Keep the images out while you retype all of the data exactly.

§ **INFORMATION PROVIDED**
------
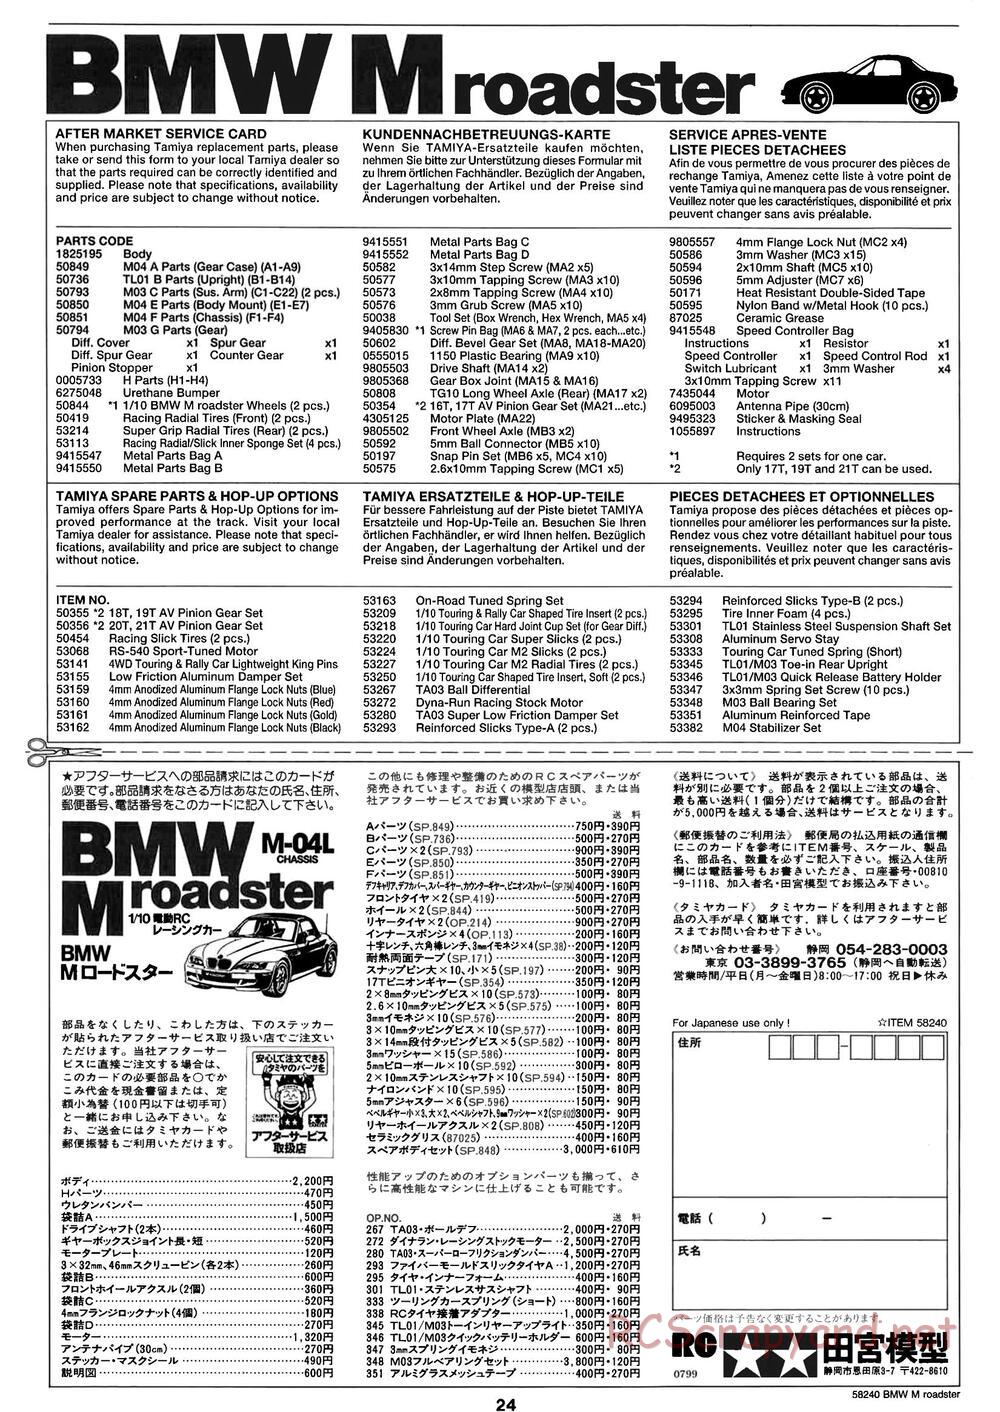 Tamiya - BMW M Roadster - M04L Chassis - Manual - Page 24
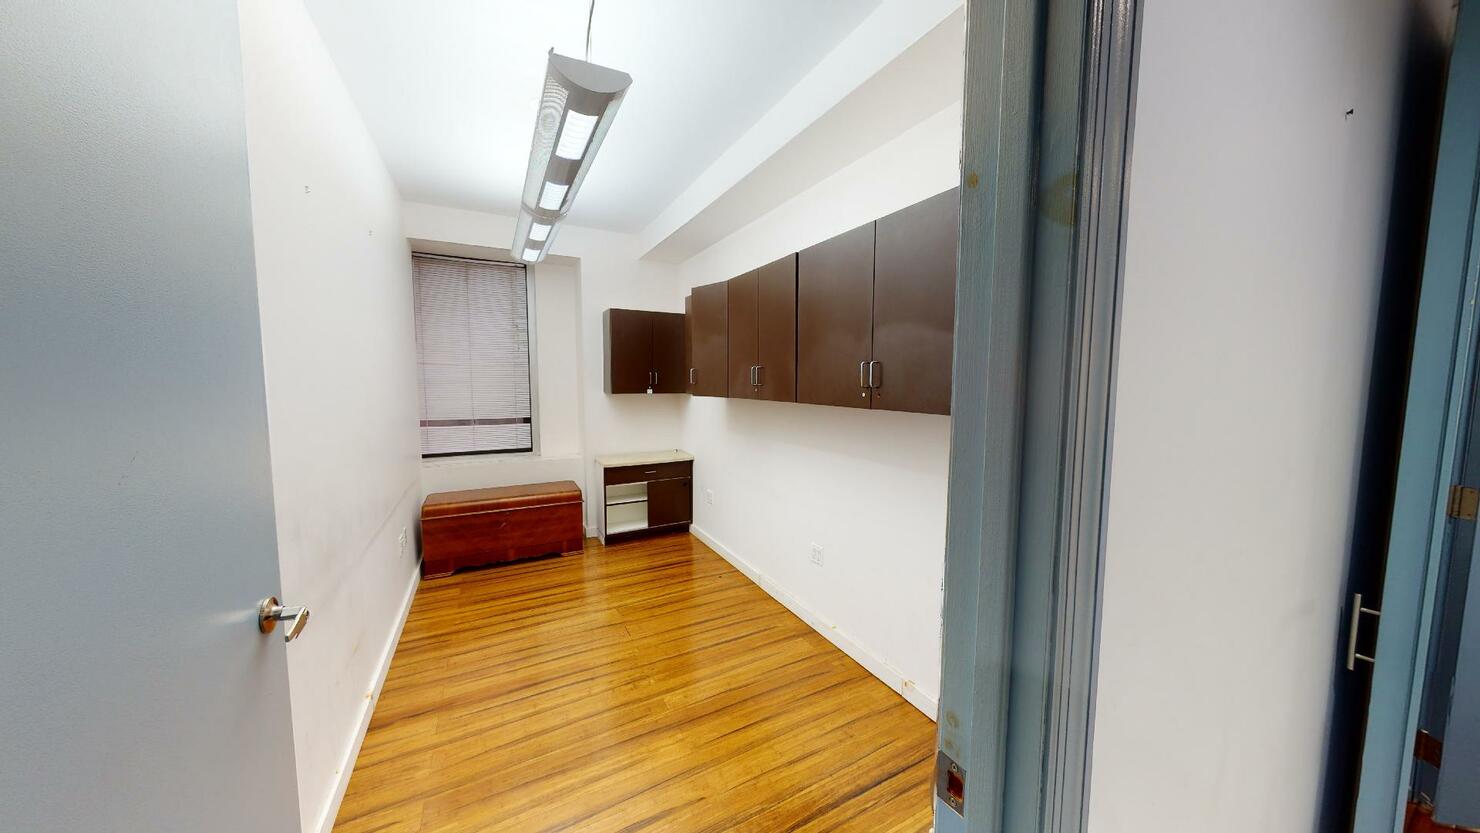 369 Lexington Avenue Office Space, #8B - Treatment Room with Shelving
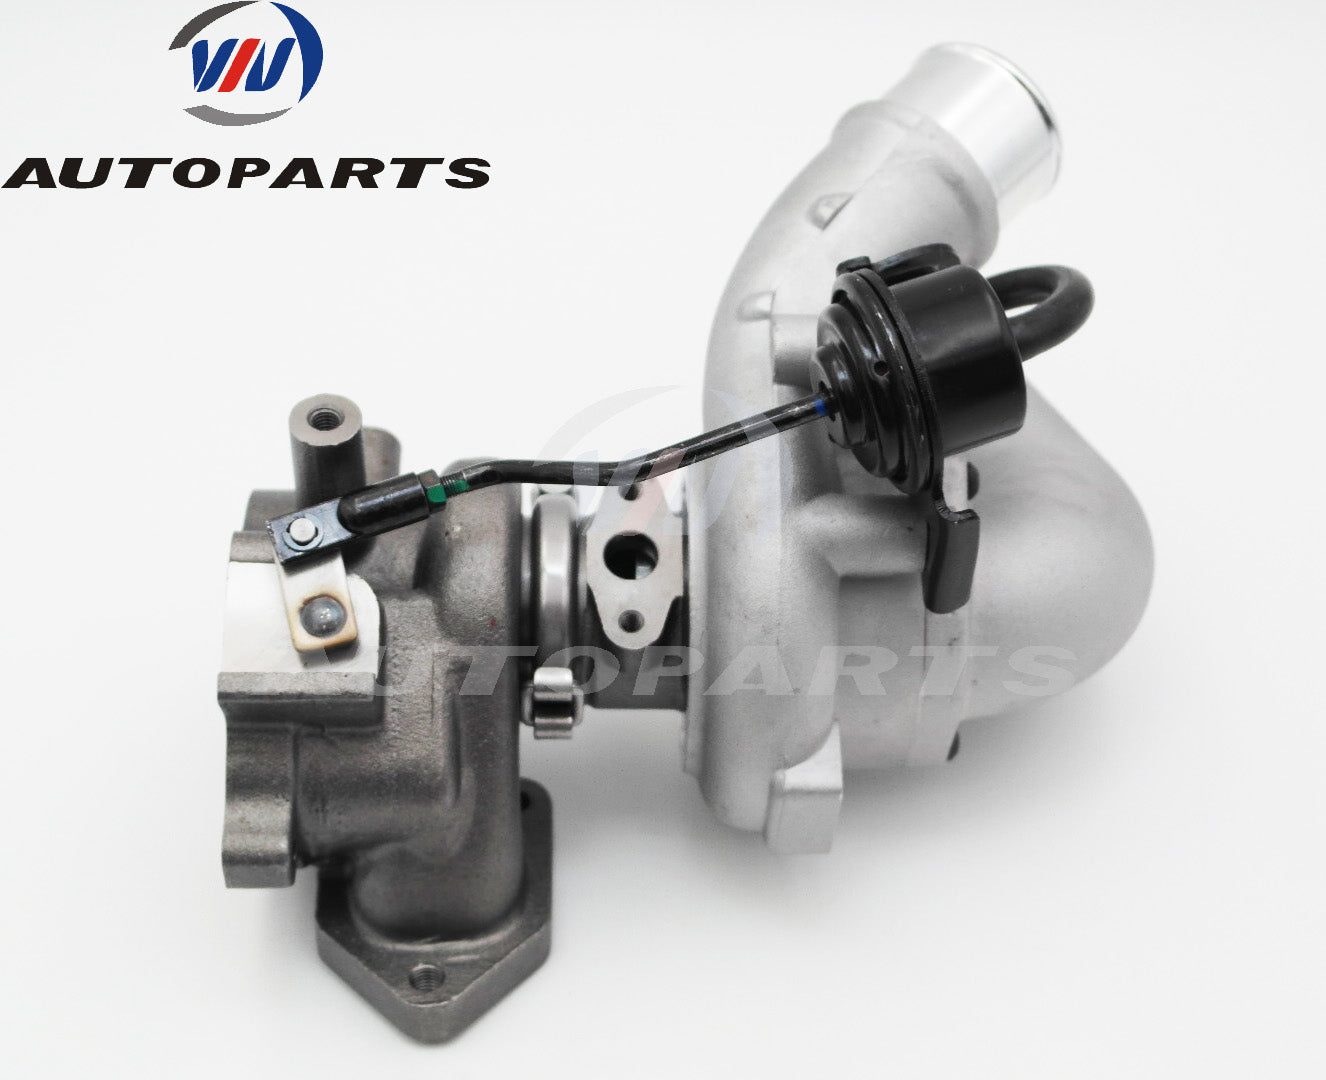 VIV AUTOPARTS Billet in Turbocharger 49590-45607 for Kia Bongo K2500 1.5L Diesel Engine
------
§ **RESPONSE AREA**
 Tamiya - BMW M Roadster - M04L Chassis - Manual - Page 24
 369 Lexington Avenue Office Space, #8B - Treatment Room with Shelving
 VIV AUTOPARTS Billet in Turbocharger 49590-45607 for Kia Bongo K2500 1.5L Diesel Engine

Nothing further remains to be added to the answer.